Advent 2016 Day 22
What an amazing string of names in Isaiah 9:6. From “Wonderful counselor” and “Mighty God,” we move to the third name connected to the coming Messiah and that is “Everlasting Father.” These were radical names attached to the One we would simply call “Jesus.” But each of these names describes some aspect of the nature and character of the child of Bethlehem.
Everlasting Father tells us some things about Jesus. He was not coming simply to be an ordinary ruler who would exercise power and authority over His subjects. He was going to be more than that… a protector, a provider… a “father.”
I am convinced the longer I am in ministry that most of the problems in our culture could be solved if we could deal with the issue of fatherhood in our men. Men in our culture tend to be individuals who either were never “fathered” in a healthy way (if at all, other than biologically), or men who were never discipled in their faith.
We can fix the part about not being discipled. It’s harder to address the issue of not being fathered. The fallen world around us has tried for decades to make the role of fathers in a family either unnecessary or as done poorly by some bumbling fool (think Homer Simpson). Sadly there are many who cannot say they knew their father at all, or if they did some wish they hadn’t. To fail in this role is a tragic failure indeed.

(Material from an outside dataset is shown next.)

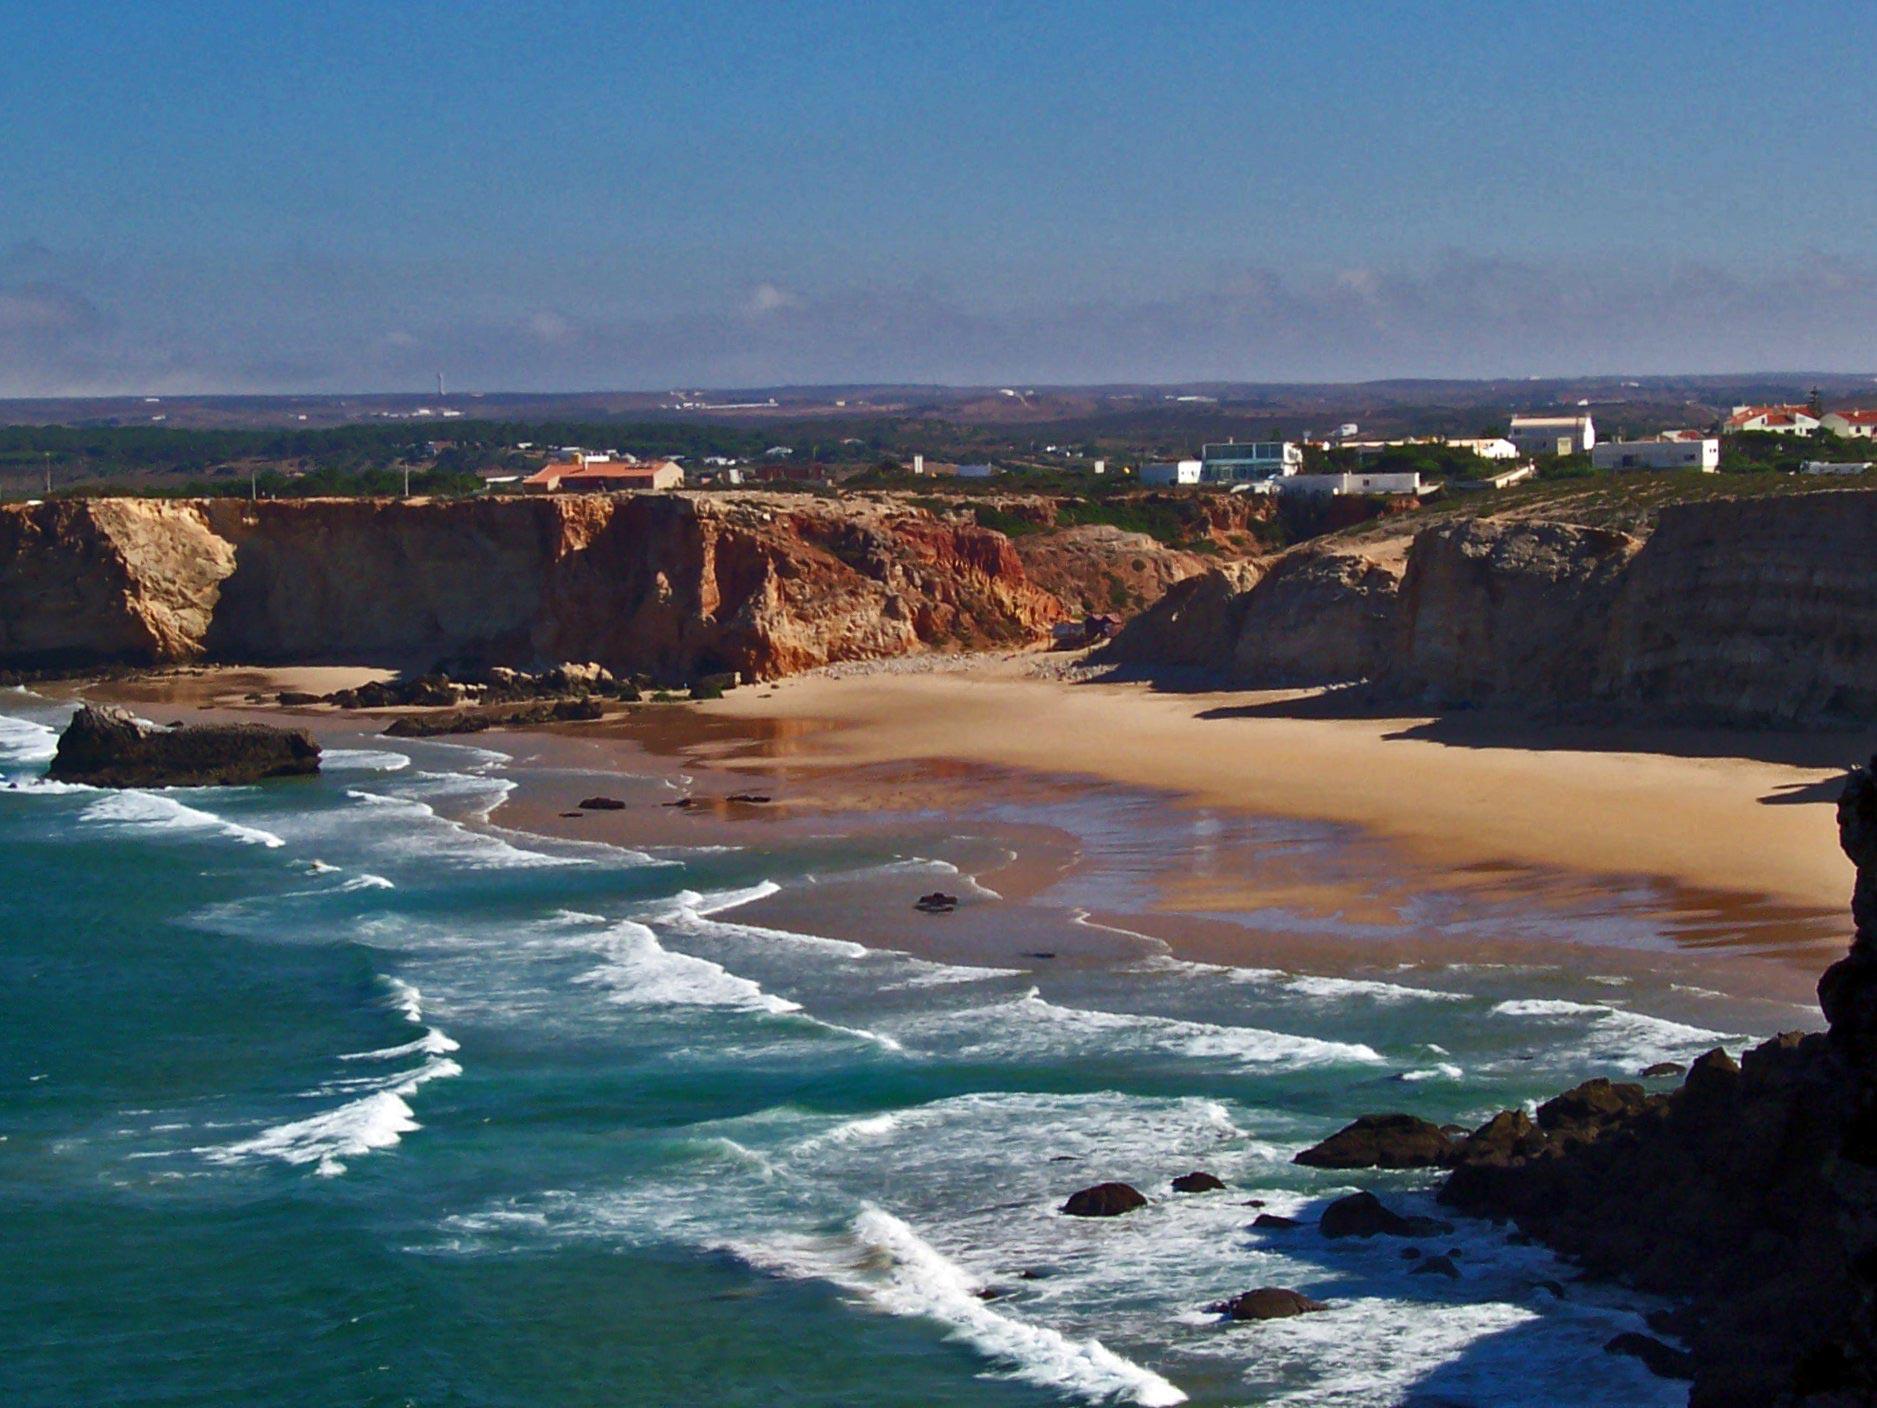 La plage de Tonel-Vila do Bispo

Jesus came to meet that need… in fact, to fill that void that some feel. If you had a wonderful, faithful father that you could love, respect and look up to, be grateful. There are many who do not. But if you are among those who did not, Jesus came to be an “Everlasting Father;” One who cares, provides, protects and doesn’t leave.

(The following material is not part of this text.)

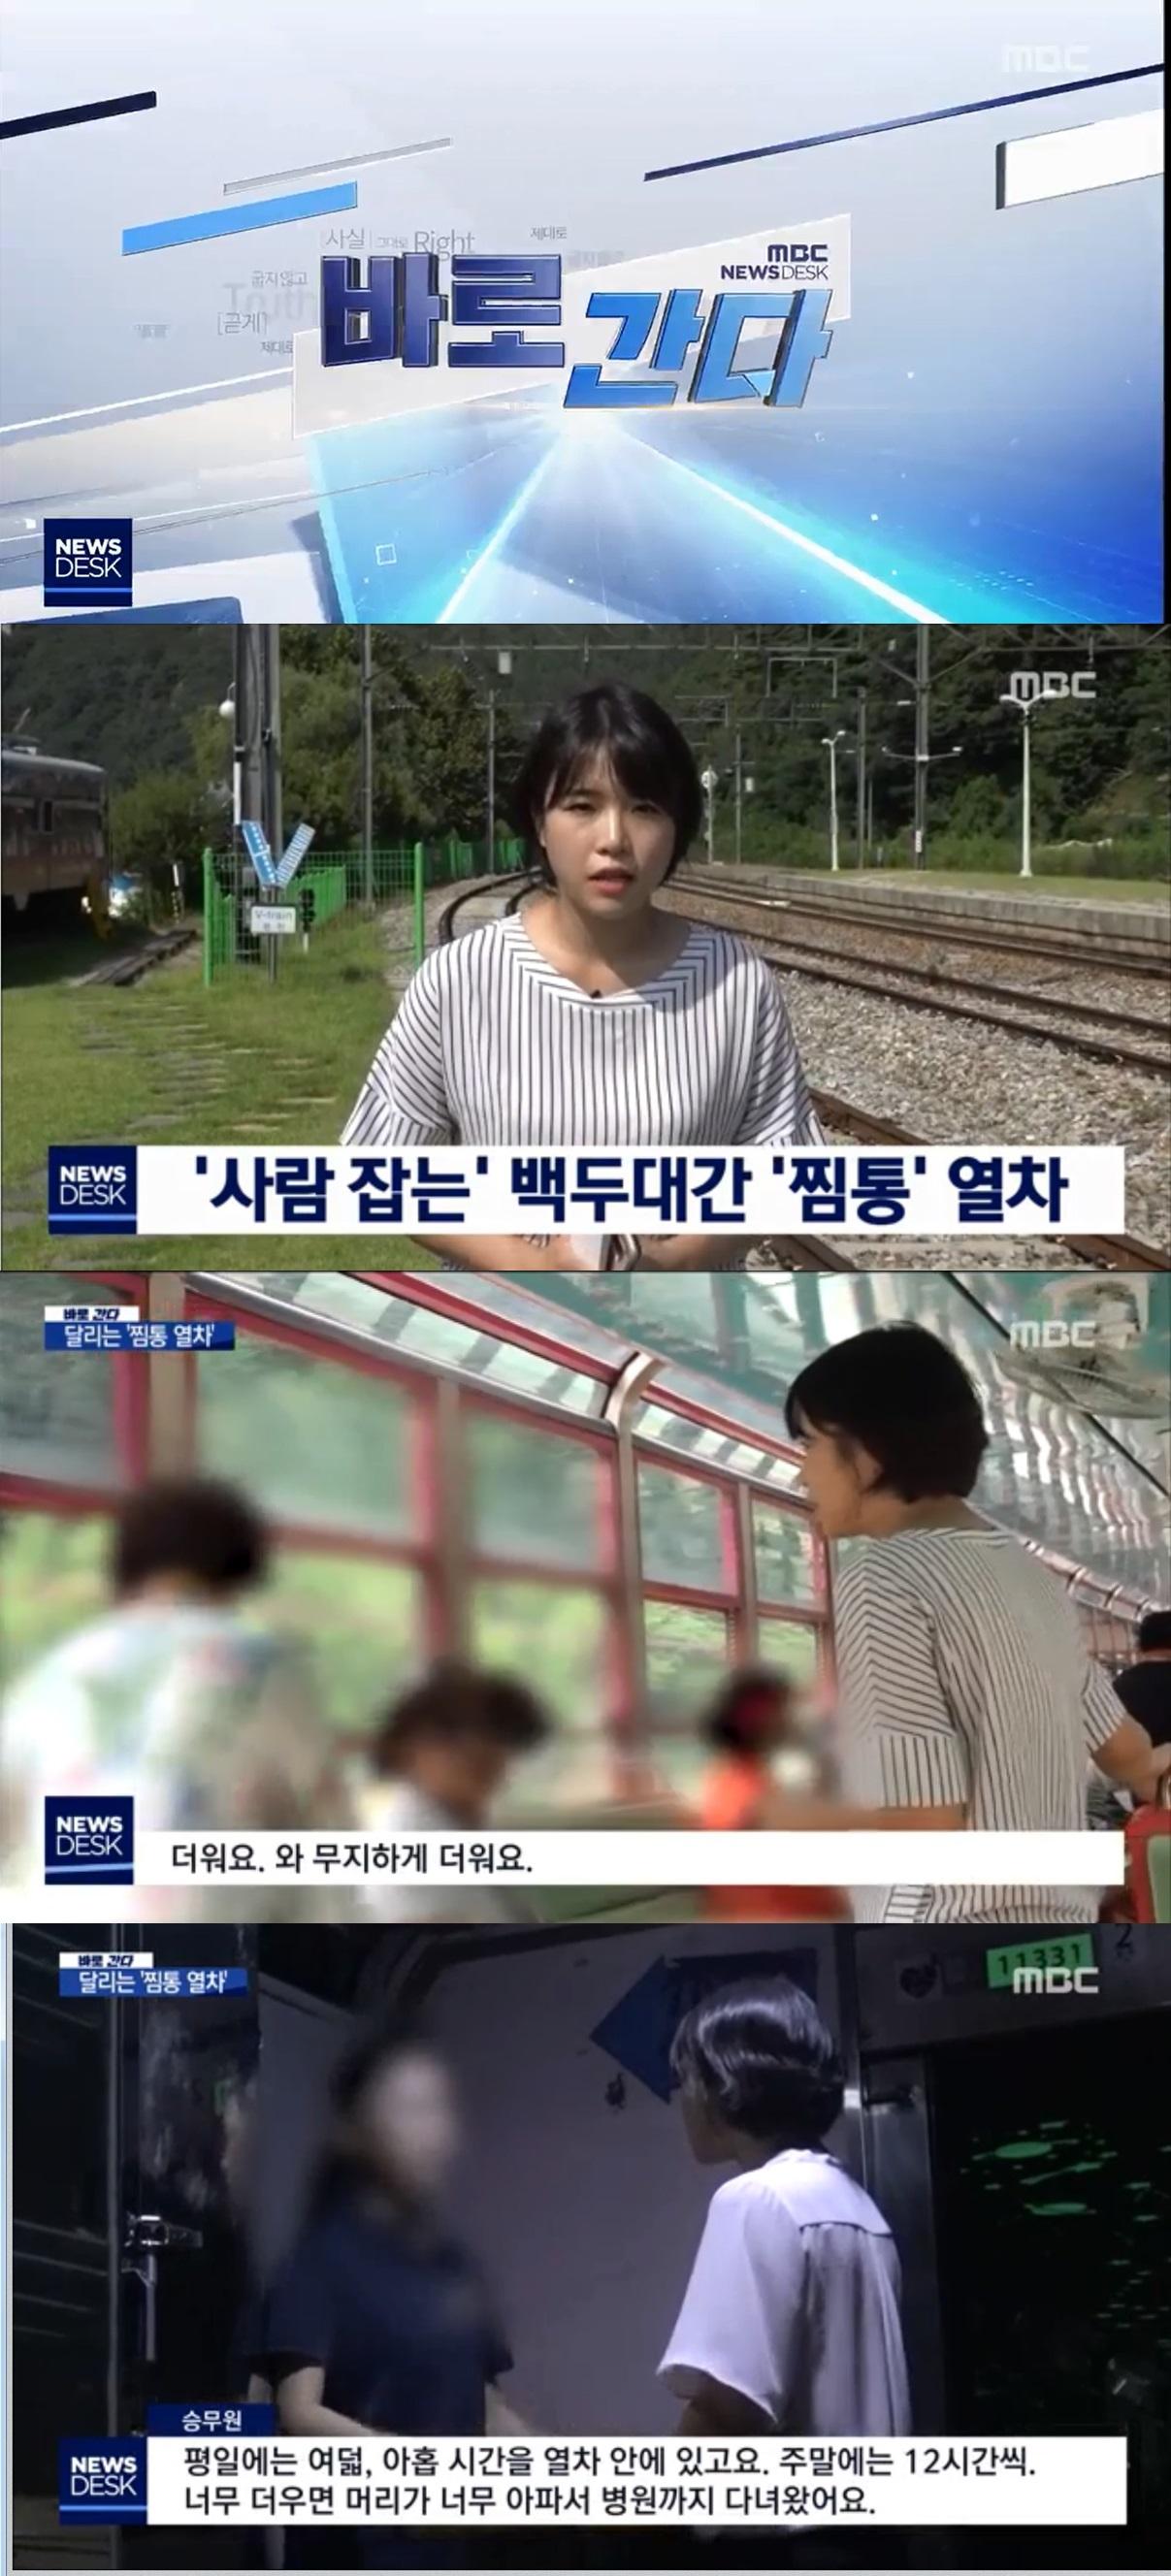 '뉴스데스크' 에어컨 없는 관광열차 현장 취재! '사람 잡는 백두대간 찜통 열차'

And just imagine for a moment being the child of a president or a king… a person in high office… who you could call “Father.” That is what we have in our Savior…
… an everlasting Father.
FOR MEDITATION: Anyone who has seen Me has seen the Father. John 14:9
FOR REFLECTION: In some parts of the world, Santa Claus is called “Father Christmas.” This legend, derived from the story of St. Nicholas, expresses belief in someone who is bigger than life and full of benevolence and magical charm. But there is an everlasting Father who does exist. And it is that Father that Jesus came to reveal to us at Christmas!